Downregulation of miRNAs during Delayed Wound Healing in Diabetes: Role of Dicer

  • Sushant Bhattacharya
  • Rangoli Aggarwal
  • Vijay Pal Singh
  • Srinivasan Ramachandran
  • Malabika Datta
Research Article

Abstract

Delayed wound healing is a major complication associated with diabetes and is a result of a complex interplay among diverse deregulated cellular parameters. Although several genes and pathways have been identified to be mediating impaired wound closure, the role of microRNAs (miRNAs) in these events is not very well understood. Here, we identify an altered miRNA signature in the prolonged inflammatory phase in a wound during diabetes, with increased infiltration of inflammatory cells in the basal layer of the epidermis. Nineteen miRNAs were downregulated in diabetic rat wounds (as compared with normal rat wound, d 7 postwounding) together with inhibited levels of the central miRNA biosynthesis enzyme, Dicer, suggesting that in wounds of diabetic rats, the decreased levels of Dicer are presumably responsible for miRNA downregulation.

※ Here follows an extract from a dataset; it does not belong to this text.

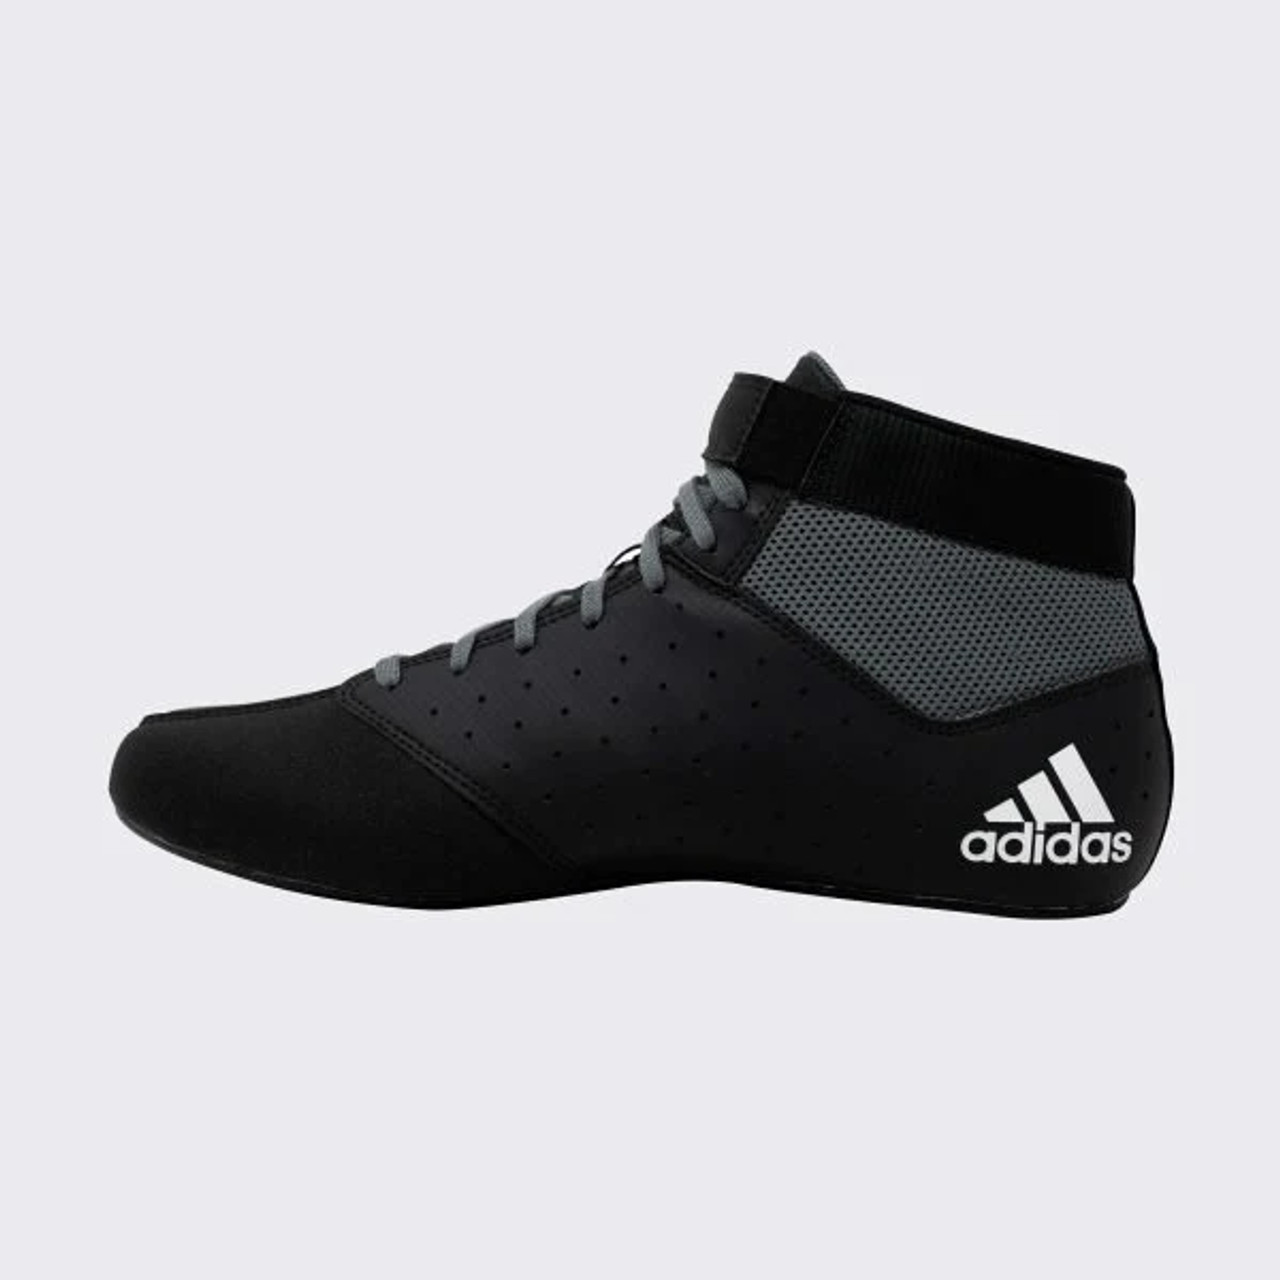 Adidas Mat Wizard 5 Wrestling Shoe White/Black/Grey Choose Size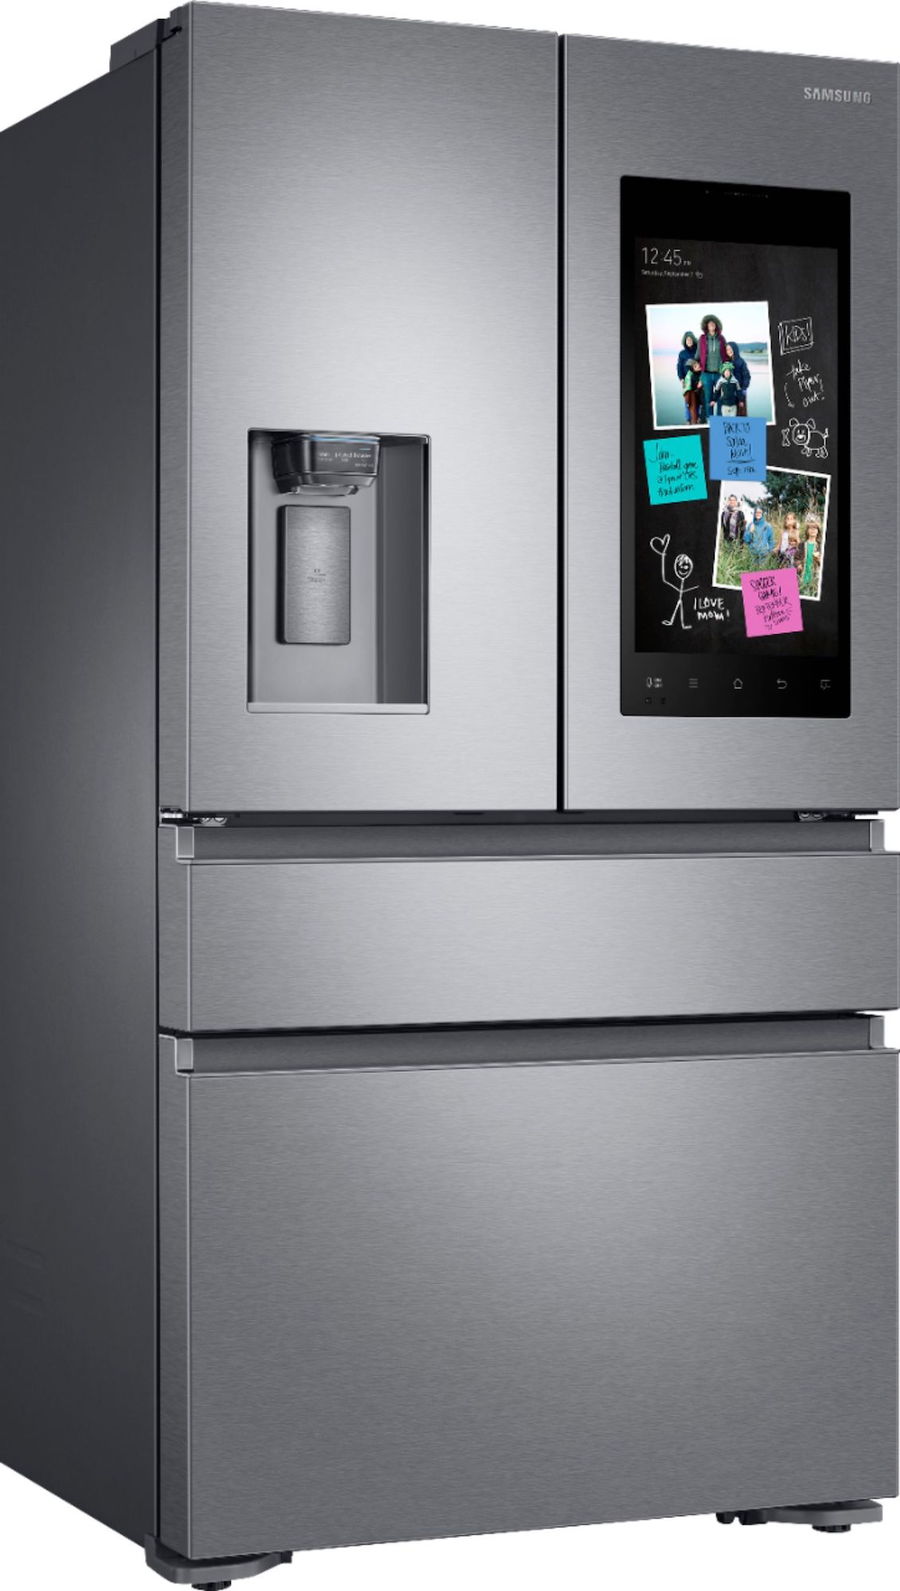 Samsung's Smart New Family Hub refrigerator.

Compared with unwounded skin, Dicer levels were significantly upregulated 12 d postwounding in normal rats, and this result was notably absent in diabetic rats that showed impaired wound closure. In a wound-healing specific quantitative reverse transcriptase-polymerase chain reaction (RT-PCR) array, 10 genes were significantly altered in the diabetic rat wound and included growth factors and collagens. Network analyses demonstrated significant interactions and correlations between the miRNA predicted targets (regulators) and the 10 wound-healing specific genes, suggesting altered miRNAs might fine-tune the levels of these genes that determine wound closure. Dicer inhibition prevented HaCaT cell migration and affected wound closure. Altered levels of Dicer and miRNAs are critical during delayed wound closure and offer promising targets to address the issue of impaired wound healing.

Notes

Acknowledgments

The authors thank the Council of Scientific and Industrial Research (CSIR), New Delhi, India, for financial help (BSC0302). S Bhattacharya received a fellowship from CSIR.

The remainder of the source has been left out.